+++ DATASET CONTENT +++

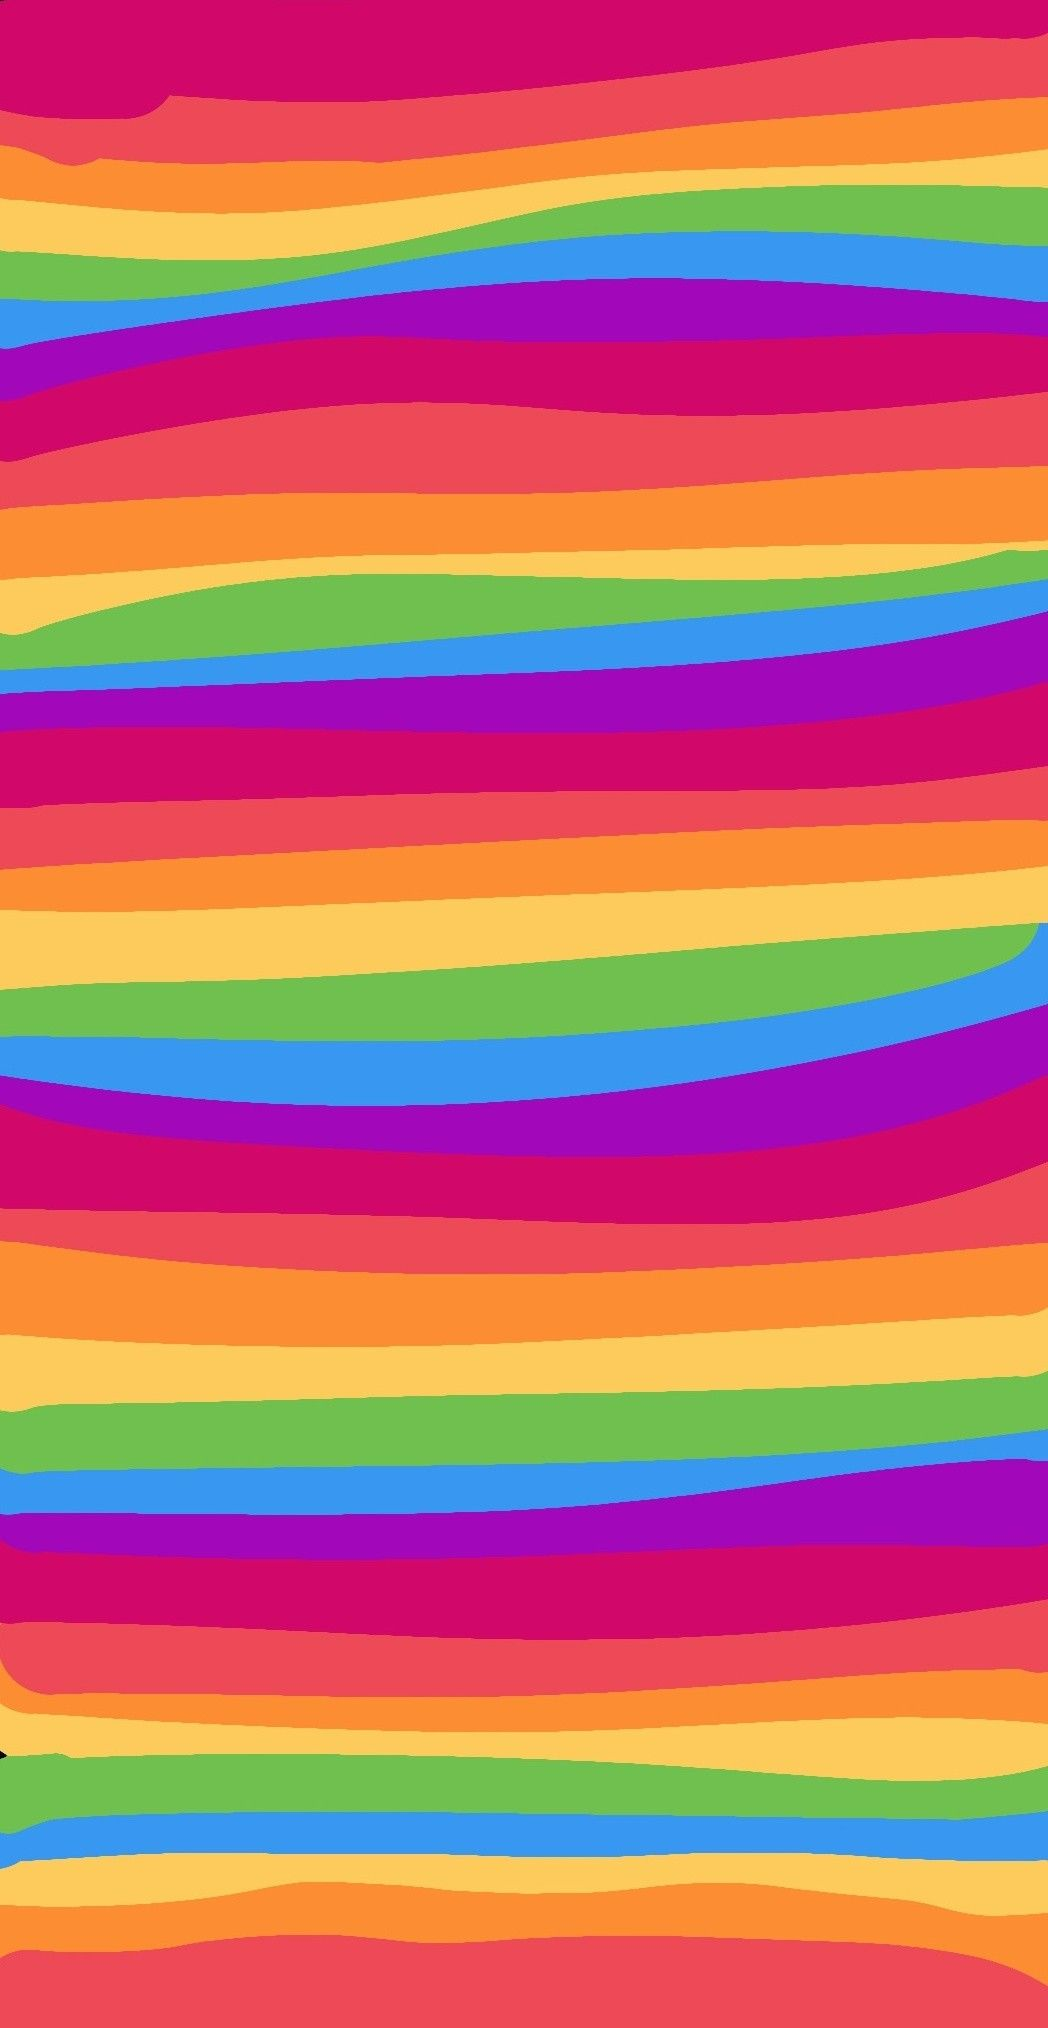 Pride Month Wallpaper Rainbow Print Rainbow Wallpaper Rainbow Pattern Aesthetic pride month rainbow wallpaper
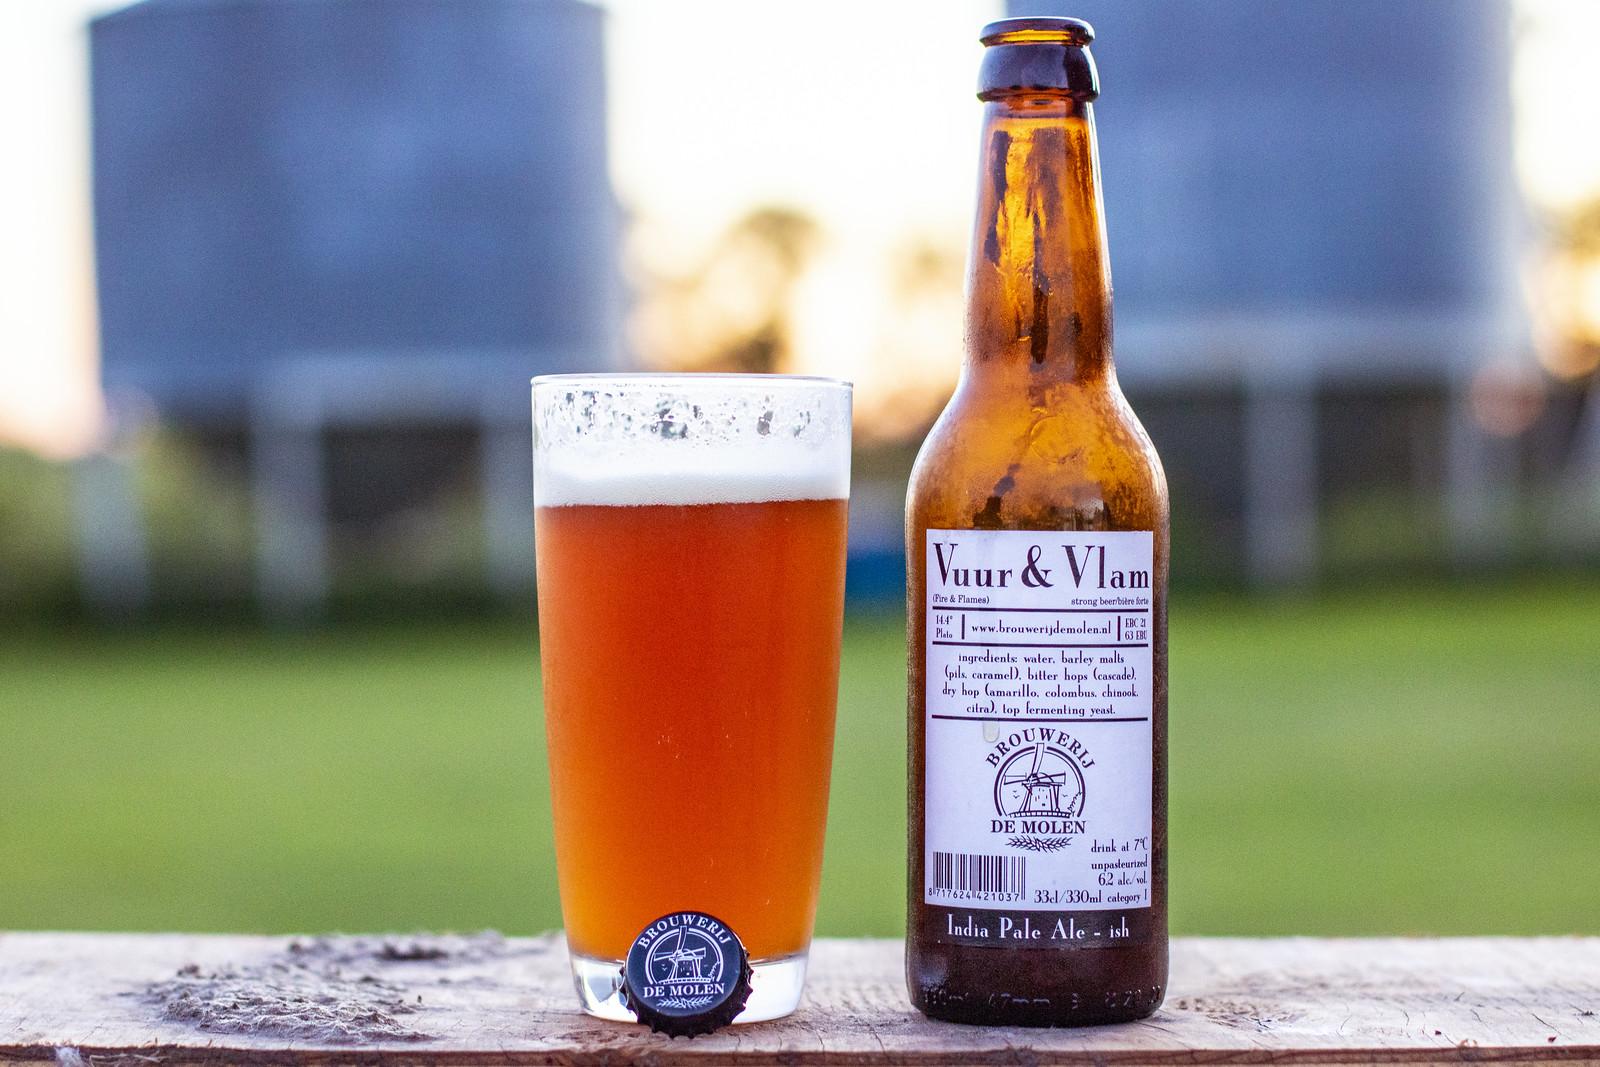 brouwerij de Molen Vurr & Vlam India Pale Ale-ish
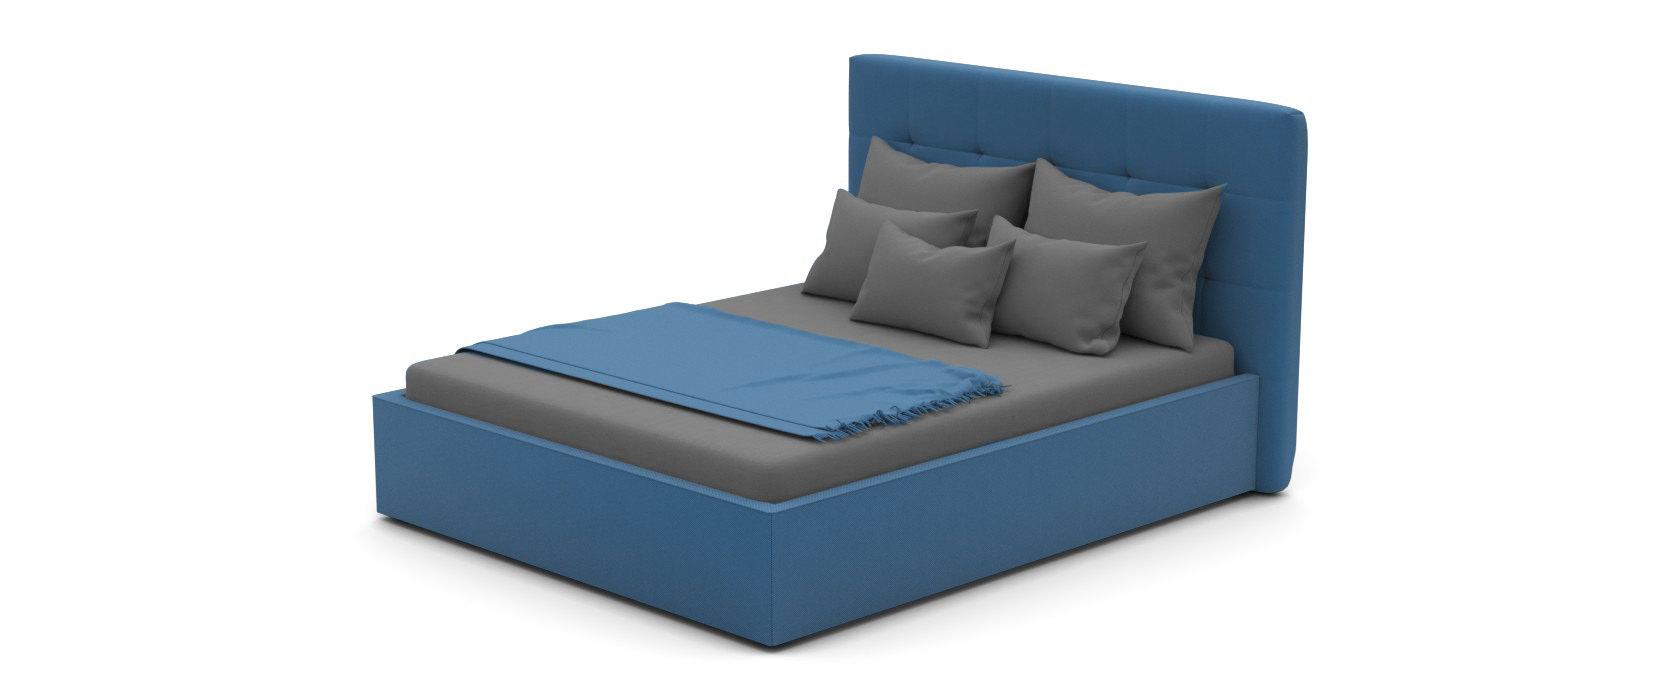 Кровать Dimaro - Pufetto

+++

• _TASK_: Please return all of the material above exactly, minus any pictures.

• _EXERCISE ANSWER_:
 Pride Month Wallpaper Rainbow Print Rainbow Wallpaper Rainbow Pattern Aesthetic pride month rainbow wallpaper
 brouwerij de Molen Vurr & Vlam India Pale Ale-ish
 Кровать Dimaro - Pufetto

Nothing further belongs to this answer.